"No assertion is ever known with certainty...
but that does not stop us making assertions."Carneades, 214-129 BCE
"The facts were always fuzzy or vague or inexact... Science treated the gray or fuzzy facts as if they were the black-white facts of math. Yet no one had put forth a single fact about the world that was 100% true or 100% false."Bart Kosko, Fuzzy Thinking, 1994, Preface
Logic to most people relates to two state thinking, the idea that the outcome can only be either true or false, 1 or 0, right or wrong. This form of logic dates back to ancient Greece and is perfectly adequate to answer simple questions in single dimensions, for example, if A is 1 and B is 0 what is A AND B ? It can be extended, as is done in Boolean algebra to more complex questions, as long as all the parts can be described using the same restricted alphabet of two symbols. Such logic is a deductive way of understanding consequences, and a highly valuable intellectual technique.
But this sort of logic is inadequate when we need to reason about variables that have more than two values, or in cases where multiple incompatible variables are involved.
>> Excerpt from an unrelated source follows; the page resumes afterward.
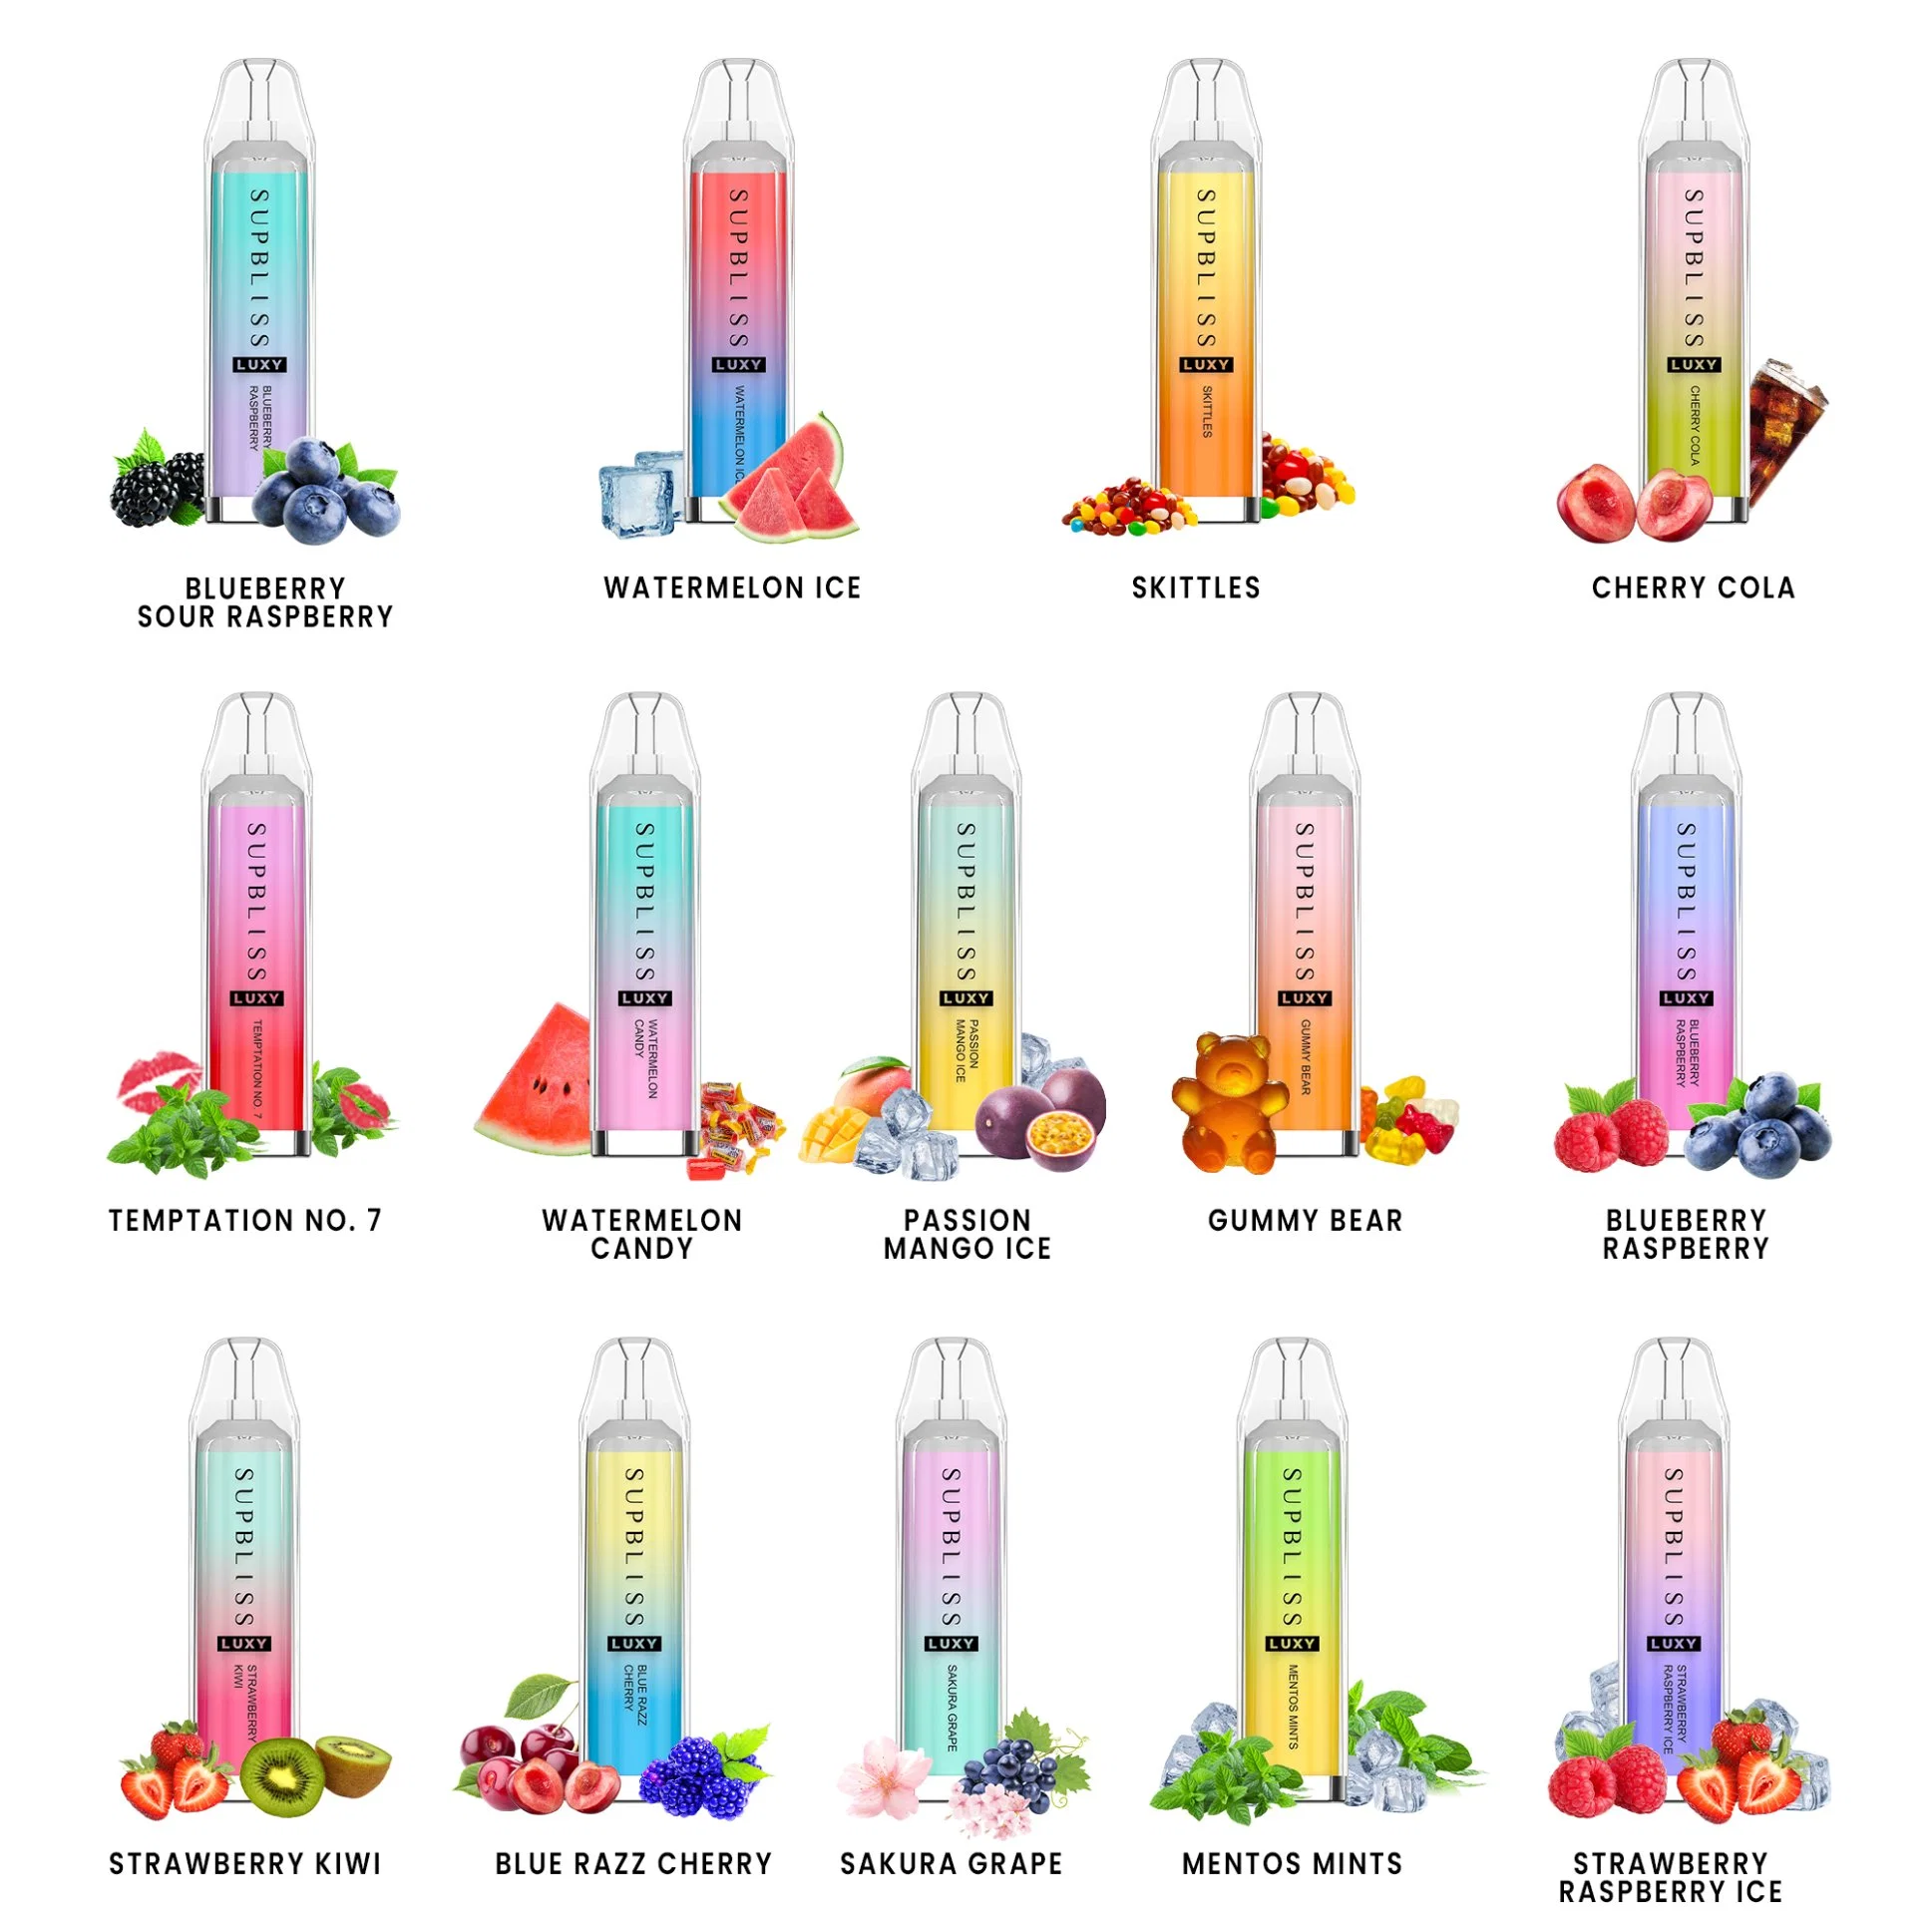 Mesh Coil Original Manufacture Factory Supbliss Luxy 4000puffs Disposable/Chargeable Vape Device Pod Vape Wholesale/Supplier Disposable/Chargeable Vape

Yet we still need to make decisions in these cases, so how can we proceed ? Bivalent, or two state, logic is just a sub-set of a more powerful type of logic known as fuzzy logic, so here we will introduce this subject and show how it can be used to evaluate choices both in the multi-valued scenarios of one variable and more importantly in the multi-dimensional scenarios common to complex systems incorporating multiple variables.
The logic employed in computers is of the two valued kind, which we can represent by voltages, 0 and 1. In real computer logic chips the output changes suddenly when the input exceeds a threshold value, so we can say that all inputs between 0V and 0.5V will give one output and those between 0.5V and 1V will give the other. If we plot input voltage against output we get a step function. Many other less sharp functions are possible, including a linear function that goes smoothly from 0 to 1 in a straight line.
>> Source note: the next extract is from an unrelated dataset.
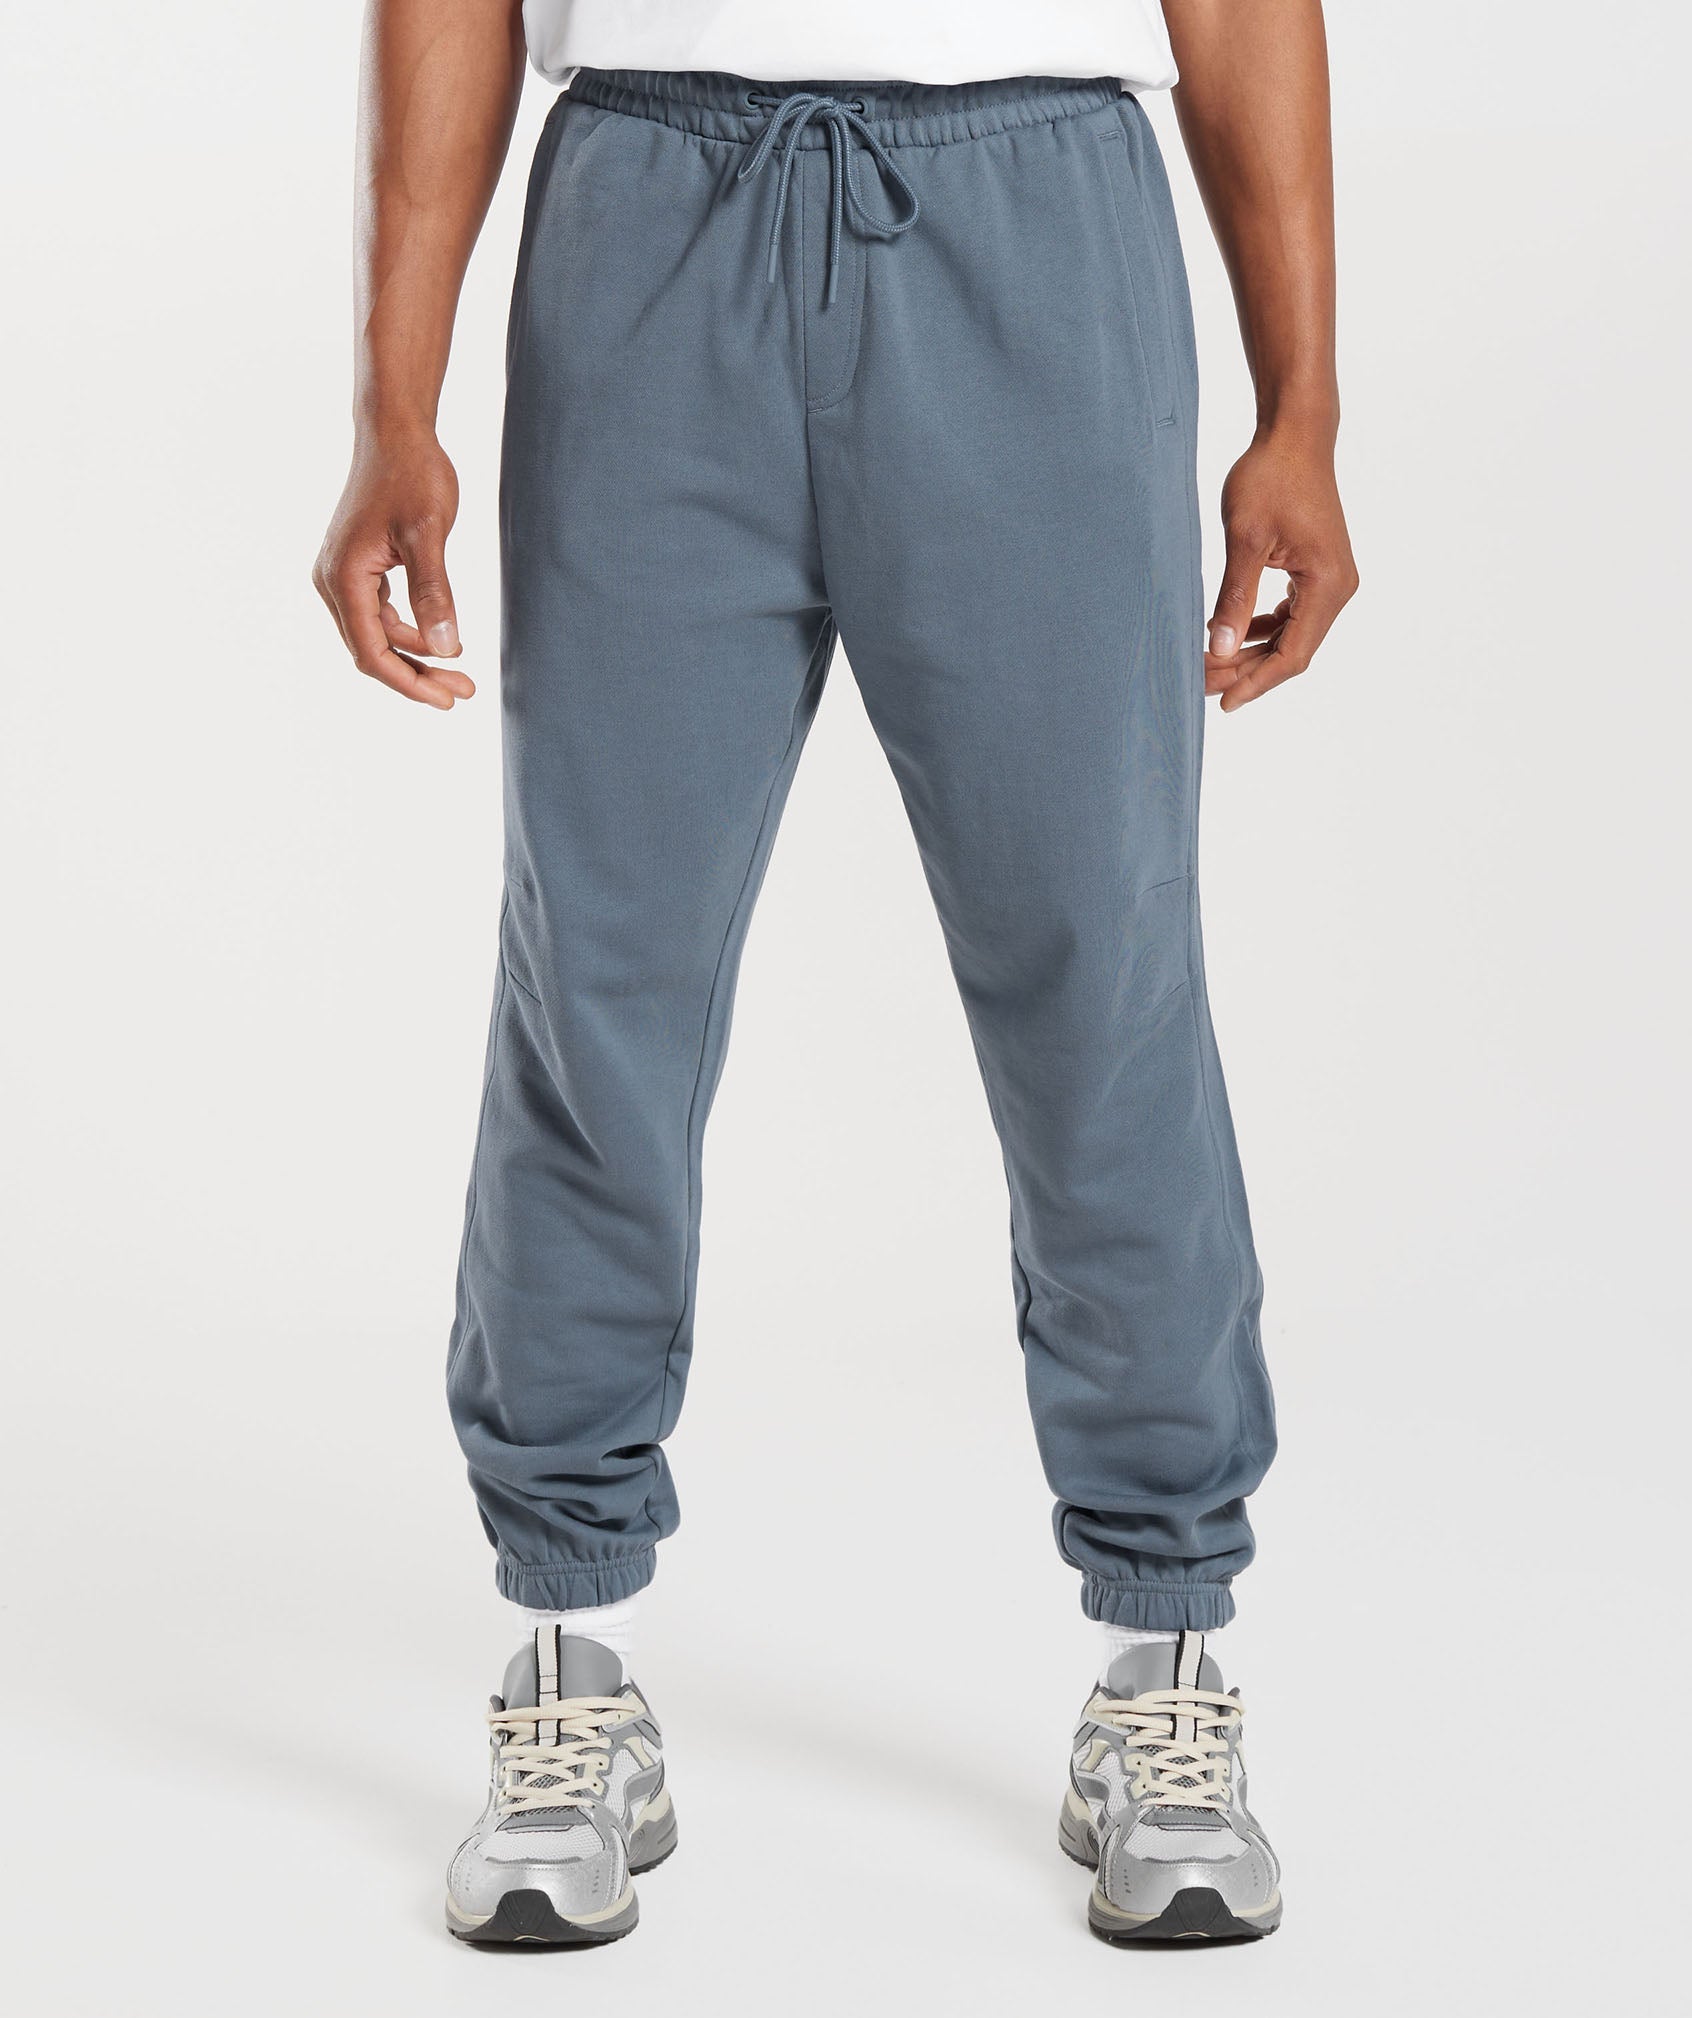 Rest Day Essentials Joggers product image 1

Generalising, we can say that the step function is the most nonlinear extreme of a continuum between straight line linearity and nonlinearity. In between are many functions that have intermediate levels of nonlinearity (e.g. the sigmoid function used in neural networks). Science most often deals with linear functions, so we can regard scientific formula as implementations of a sort of linear logic at one extreme, with traditional logic as a form of nonlinear maths at the other. Thus maths and logic are both equivalent and are just alternative ways of speaking about the same system - with infinite accuracy (maths) or just one bit accuracy (logic). The breakthrough in fuzzy logic is to recognise that there are other alternative representations in between these extremes.
We see then that the number of different values possessed by the logic can vary from just two [0,1], up to infinity [0,...1]. Thus this wider ranging view can be called multivalued or multivalent logic, which in the limit, using all the real number values, is called fuzzy logic. The range of values available in any logic forms what is called a mathematical set. Therefore fuzzy and multivalued logic deals not with single binary numbers but with sets of numbers. These relate to both inputs and outputs, so the most general form maps input sets to output sets.
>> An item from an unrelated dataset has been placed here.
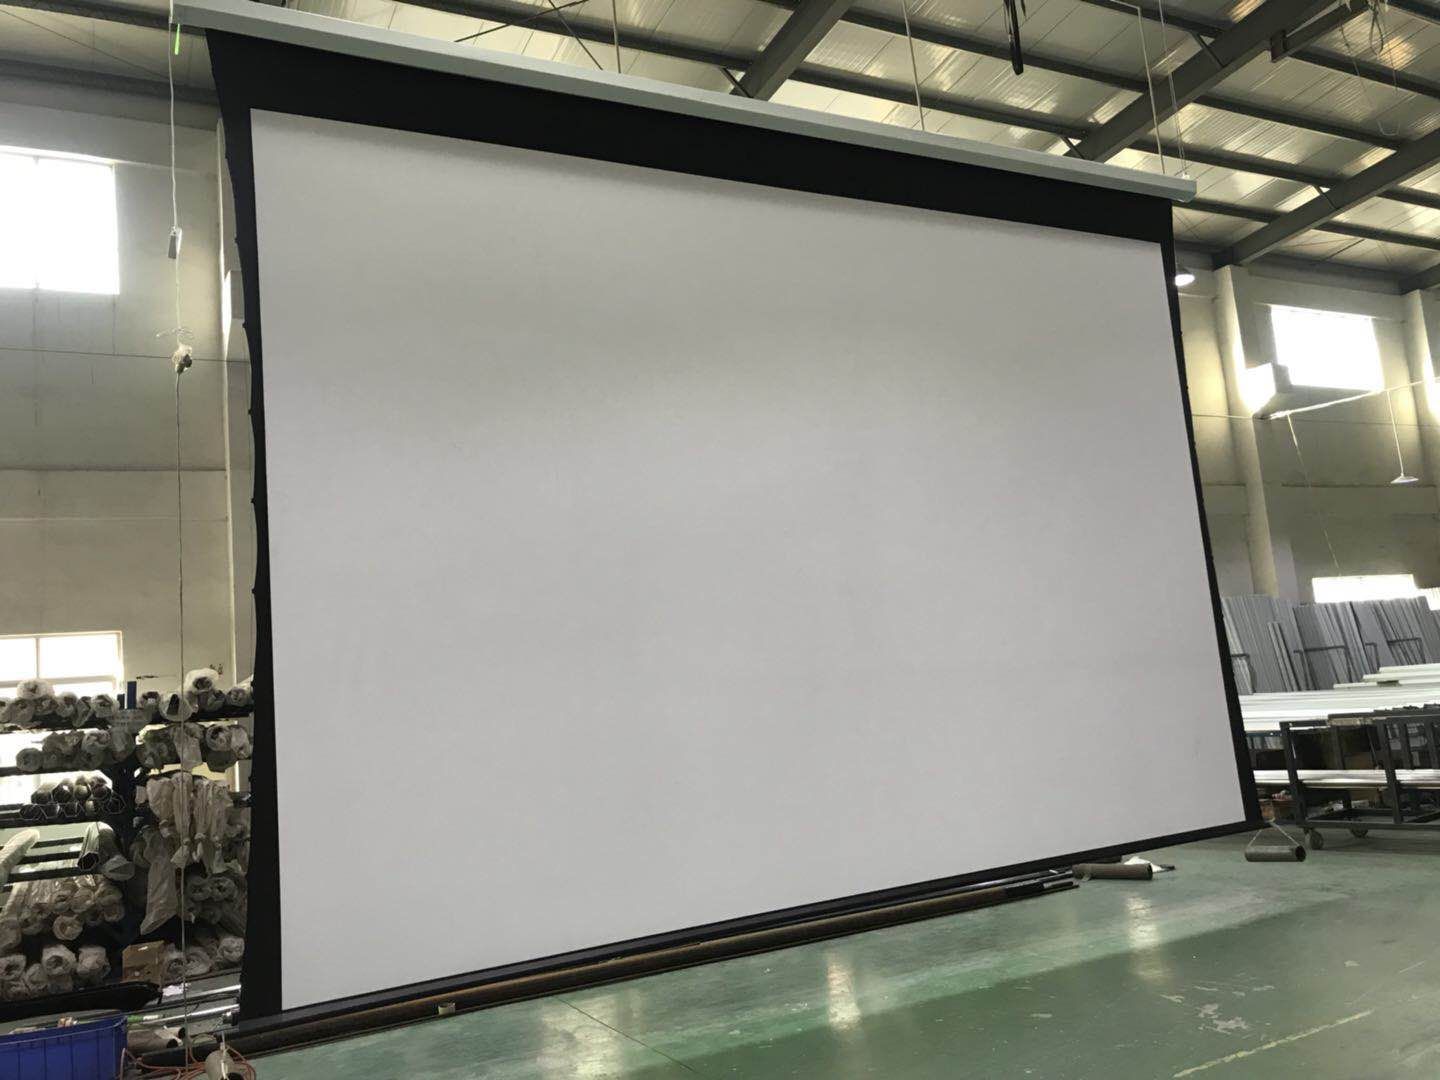 Tab Tension Motorized Projection Screen Electric Projector

To see how this works, consider the question, "which of three possible outputs (heating, cooling, off) should a air conditioner take, given temperatures in three rooms ?" The extremes (all inputs lower than wanted or all higher) are easy, as is the case for all within limits, but how do we treat the case where there is one of each ? Many incompatible combinations are thus possible and we need a function that can weight the relevant inputs and not treat them as just binary values.
Fuzzy sets have membership properties defined between 0 and 1. This means that if we take an attribute say 'red' we can express the colour of any particular apple as a position in this fuzzy set. We may say for example that it is 30% red and thus has a fuzzy truth value (FTV), fuzzy unit (FIT) or membership function of 0.3. How the FTV relates to actual values depends upon our desired mapping from the real world to the normalised range 0 to 1, and this is arbitrary. Note that if we ask how green is it, we may have a quite different value for the same apple (maybe 0.7, if only red and green are allowed). This means that questions like is it a Red or a Green apple are meaningless, it is both ! Thus fuzzy logic destroys one of the bastions of ancient logic, Aristotle's Law of the Excluded Middle - not only can we have statements that are both A and NOT A, but almost no real world cases actually conform to that either/or realm !
We can of course also have independent values, e.g. size, giving maybe 0.8 if it is a "fairly large" apple. Taking all the possible attributes we will have several fuzzy sets and several FTVs for each object. We then have the problem of how to combine these fuzzy functions, and this is a problem midway between arithmetic and logic, but we cannot just add FTVs since adding two 0.8s say gives 1.6 - a value outside logical reality. Nor can we just use normal logic which cannot give values other than 1 or 0. Thus we need a separate form of logic designed for fuzzy systems.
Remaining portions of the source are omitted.